Responding to questions about her role in the 1994 U.S. Naval Academy cheating scandal, Democrat Mikie Sherrill uses a friend from Annapolis in a new digital ad defending her character in the New Jersey governor’s race.
In “Highest Traditions,” former U.S. Navy Lt. Commander Karsten DaPonte stops short of mentioning the cheating scandal, but validates Sherrill’s service in the Navy. DaPonte reads from a Navy and Marine Corps Commendation Medal awarded to Sherrill, and adds that he “served alongside her.”
“Attacking her service record isn’t just wrong, it’s a blatant lie,” DaPonte said.
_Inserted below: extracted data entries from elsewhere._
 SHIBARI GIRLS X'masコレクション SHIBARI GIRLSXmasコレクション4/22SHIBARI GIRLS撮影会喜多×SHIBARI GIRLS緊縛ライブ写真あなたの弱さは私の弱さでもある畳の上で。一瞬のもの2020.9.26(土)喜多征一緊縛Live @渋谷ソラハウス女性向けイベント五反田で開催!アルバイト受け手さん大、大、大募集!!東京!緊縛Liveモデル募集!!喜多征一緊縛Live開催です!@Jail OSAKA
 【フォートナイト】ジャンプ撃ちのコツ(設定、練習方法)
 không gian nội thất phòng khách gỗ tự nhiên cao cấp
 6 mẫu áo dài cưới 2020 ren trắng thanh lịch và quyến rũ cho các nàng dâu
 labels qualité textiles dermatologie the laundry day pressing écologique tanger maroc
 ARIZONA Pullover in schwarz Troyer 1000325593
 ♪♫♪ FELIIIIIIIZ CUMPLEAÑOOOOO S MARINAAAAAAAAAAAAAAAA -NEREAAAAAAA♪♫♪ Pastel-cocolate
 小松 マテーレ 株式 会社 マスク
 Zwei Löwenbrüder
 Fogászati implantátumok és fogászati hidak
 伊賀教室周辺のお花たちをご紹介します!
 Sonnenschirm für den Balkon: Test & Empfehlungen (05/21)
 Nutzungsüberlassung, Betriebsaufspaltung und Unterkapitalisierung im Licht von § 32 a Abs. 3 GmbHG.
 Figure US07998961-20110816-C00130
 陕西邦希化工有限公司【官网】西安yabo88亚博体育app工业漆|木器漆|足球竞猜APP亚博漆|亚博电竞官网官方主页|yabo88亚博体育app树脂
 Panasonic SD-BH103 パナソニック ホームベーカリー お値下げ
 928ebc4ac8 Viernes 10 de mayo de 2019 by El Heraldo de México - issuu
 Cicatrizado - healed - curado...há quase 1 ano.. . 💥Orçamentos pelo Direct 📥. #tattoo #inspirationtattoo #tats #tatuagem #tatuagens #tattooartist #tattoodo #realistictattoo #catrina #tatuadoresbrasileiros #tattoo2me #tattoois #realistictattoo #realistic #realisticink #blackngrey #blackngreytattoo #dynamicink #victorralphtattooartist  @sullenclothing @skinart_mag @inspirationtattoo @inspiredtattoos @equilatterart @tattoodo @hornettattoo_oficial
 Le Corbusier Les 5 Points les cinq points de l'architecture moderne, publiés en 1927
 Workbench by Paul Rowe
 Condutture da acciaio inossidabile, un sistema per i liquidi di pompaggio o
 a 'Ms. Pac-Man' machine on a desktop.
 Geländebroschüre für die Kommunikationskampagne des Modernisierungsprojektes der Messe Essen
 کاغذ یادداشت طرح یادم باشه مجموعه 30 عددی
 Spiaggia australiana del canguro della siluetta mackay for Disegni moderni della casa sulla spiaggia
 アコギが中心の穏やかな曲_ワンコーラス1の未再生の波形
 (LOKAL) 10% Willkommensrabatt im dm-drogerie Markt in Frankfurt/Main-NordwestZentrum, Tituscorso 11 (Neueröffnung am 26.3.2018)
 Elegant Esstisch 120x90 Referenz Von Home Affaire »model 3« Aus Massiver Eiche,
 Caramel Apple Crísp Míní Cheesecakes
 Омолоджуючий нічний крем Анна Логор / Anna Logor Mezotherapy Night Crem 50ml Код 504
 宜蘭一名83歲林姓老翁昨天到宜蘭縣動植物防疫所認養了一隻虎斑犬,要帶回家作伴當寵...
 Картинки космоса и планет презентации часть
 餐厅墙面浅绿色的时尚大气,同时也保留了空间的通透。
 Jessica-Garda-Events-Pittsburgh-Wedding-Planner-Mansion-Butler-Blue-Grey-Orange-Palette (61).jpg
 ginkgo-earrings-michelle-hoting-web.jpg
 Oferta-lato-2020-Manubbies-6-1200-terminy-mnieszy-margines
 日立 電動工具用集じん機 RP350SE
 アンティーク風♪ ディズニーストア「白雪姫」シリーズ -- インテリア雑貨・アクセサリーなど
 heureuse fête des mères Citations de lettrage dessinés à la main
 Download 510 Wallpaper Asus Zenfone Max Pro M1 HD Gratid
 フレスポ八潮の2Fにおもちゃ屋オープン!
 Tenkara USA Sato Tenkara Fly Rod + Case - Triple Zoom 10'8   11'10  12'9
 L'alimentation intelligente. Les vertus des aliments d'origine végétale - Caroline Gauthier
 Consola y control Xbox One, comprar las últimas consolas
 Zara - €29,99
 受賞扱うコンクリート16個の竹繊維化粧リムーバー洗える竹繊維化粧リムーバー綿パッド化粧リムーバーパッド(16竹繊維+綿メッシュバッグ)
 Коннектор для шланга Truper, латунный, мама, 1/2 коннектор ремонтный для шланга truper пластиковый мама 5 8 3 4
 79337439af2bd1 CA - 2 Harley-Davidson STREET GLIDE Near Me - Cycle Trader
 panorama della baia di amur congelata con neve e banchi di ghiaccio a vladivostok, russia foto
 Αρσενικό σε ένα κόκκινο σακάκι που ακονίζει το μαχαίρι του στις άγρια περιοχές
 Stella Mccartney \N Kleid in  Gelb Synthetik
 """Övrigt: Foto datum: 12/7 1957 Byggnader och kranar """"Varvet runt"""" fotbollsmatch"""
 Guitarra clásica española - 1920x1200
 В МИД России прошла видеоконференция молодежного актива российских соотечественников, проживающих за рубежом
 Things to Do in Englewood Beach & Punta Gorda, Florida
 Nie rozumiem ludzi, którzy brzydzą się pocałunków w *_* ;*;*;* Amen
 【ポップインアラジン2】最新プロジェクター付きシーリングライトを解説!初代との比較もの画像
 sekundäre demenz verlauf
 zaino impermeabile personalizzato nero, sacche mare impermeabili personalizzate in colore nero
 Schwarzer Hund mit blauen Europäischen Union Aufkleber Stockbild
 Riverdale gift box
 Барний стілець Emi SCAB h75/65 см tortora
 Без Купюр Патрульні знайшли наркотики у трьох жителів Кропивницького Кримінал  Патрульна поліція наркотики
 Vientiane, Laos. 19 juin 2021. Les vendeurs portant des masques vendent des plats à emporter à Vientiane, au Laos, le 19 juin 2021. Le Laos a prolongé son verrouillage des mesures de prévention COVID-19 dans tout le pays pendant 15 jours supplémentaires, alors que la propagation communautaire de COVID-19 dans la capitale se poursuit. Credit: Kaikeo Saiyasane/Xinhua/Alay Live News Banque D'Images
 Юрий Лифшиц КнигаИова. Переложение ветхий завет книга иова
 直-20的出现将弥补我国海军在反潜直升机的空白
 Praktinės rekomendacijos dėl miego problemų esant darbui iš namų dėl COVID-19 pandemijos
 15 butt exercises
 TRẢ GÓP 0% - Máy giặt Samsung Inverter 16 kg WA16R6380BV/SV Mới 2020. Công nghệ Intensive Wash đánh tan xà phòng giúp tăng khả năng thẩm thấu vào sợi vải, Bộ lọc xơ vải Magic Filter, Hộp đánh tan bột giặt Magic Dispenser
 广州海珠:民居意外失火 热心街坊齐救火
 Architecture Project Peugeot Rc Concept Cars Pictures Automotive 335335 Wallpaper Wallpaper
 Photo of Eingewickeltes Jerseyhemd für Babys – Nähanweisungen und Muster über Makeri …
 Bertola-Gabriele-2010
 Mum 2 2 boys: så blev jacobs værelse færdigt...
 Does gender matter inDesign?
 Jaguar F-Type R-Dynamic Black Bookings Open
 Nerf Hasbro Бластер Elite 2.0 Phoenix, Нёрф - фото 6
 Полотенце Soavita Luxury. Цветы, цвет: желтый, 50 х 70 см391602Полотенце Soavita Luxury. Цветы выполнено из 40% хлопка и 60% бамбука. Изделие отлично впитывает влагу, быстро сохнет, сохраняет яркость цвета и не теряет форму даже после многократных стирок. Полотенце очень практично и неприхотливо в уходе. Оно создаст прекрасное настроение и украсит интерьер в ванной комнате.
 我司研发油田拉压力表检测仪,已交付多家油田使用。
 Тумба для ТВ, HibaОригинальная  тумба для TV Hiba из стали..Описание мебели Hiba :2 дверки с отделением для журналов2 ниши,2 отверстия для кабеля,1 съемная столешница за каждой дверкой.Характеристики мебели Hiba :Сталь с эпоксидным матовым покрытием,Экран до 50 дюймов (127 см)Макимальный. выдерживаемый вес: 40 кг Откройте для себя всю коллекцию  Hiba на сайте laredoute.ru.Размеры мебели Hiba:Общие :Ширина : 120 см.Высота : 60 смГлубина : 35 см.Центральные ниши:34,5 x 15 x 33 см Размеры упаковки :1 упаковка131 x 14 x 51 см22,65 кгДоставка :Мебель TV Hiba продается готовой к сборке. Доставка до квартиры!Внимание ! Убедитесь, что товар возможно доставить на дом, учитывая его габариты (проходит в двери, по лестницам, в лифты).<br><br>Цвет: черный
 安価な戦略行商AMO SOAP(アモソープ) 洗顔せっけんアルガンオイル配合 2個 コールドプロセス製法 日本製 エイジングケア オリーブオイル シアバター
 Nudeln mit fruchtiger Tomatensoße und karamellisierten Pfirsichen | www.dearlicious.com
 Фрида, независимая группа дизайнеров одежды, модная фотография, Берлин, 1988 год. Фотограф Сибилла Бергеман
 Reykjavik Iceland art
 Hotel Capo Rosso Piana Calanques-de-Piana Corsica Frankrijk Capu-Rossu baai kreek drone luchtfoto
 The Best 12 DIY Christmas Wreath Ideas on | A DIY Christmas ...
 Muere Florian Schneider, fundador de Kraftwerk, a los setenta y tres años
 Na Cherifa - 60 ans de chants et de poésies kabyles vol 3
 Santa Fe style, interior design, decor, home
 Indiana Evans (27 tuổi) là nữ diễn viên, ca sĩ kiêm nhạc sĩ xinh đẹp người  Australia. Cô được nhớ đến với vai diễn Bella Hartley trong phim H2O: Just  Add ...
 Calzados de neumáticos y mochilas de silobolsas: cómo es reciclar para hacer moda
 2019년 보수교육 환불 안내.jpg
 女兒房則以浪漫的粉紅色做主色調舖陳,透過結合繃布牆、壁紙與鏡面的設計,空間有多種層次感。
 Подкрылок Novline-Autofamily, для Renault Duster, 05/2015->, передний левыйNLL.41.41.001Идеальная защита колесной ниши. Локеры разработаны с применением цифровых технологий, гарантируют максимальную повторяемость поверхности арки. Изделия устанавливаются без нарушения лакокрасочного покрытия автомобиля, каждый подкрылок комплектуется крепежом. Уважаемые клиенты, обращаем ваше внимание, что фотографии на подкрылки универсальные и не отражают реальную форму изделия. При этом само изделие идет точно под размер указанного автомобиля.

Script: “(DaPonte) Lieutenant Sherrill upheld the highest traditions of the United States Naval Service. I would know because I served alongside her. She was distinguished multiple times and honorably discharged. Attacking her service record isn’t just wrong, it’s a blatant lie.”
The ad identifies DaPonte only as Lt. Commander Karsten, leaving out his last name. The New Jersey Globe has identified him.
Ciattarelli also has a new digital ad related to the Naval Academy cheating scandal.
DaPonte entered the academy in 1993 and was a freshman during Sherrill’s senior year at Annapolis; he graduated in 1997. Sherrill remained on campus for 254 days after her May 1994 graduation and commission.
Records show that DaPonte, a resident of Bethesda, Maryland, has worked for a series of defense and federal government contractors whose work coincides with Sherrill’s service on the House Armed Services Committee; there is no indication that she helped DaPonte’s current employer, Nexight Group, obtain millions of dollars in government contracts.
He has contributed to Sherrill’s congressional campaigns, as well as to those of Joe Biden and Amy McGrath, a Navy veteran who challenged U.S. Senator Mitch McConnell in Kentucky five years ago. DaPonte’s sister, Karen Thornton, is also a Sherrill donor. She worked on the Armed Services Committee staff from 2020 to 2023.
Sherrill was prohibited from walking with her class at the U.S. Naval Academy in 1994 as a punishment connected to the massive cheating scandal that implicated over 130 midshipmen in her class.
She claimed the action was punishment for not turning in her classmates. The Sherrill campaign declined a request to permit public inspection of any disciplinary records from her time at the academy. Only Sherrill may authorize the release of those sealed records.
Sherrill has made her military service as a U.S. Naval Academy graduate and helicopter pilot the centerpiece of her political identity, but has never publicly discussed her class’s cheating controversy in stump speeches or interviews. There were rumors that she was tied to the scandal in 2018 when she sought to flip a House seat in New Jersey’s 11th district, but it was suggested to the New Jersey Globe at the time that Sherrill was not involved.
The scandal revolved around electrical engineering exam answers that some midshipmen obtained and shared with their classmates in December 1992. Two dozen of Sherrill’s classmates were expelled, and one of those involved said in 2002 that he thought more than 400 out of the 663 midshipmen who took the exam had seen copies of it in advance.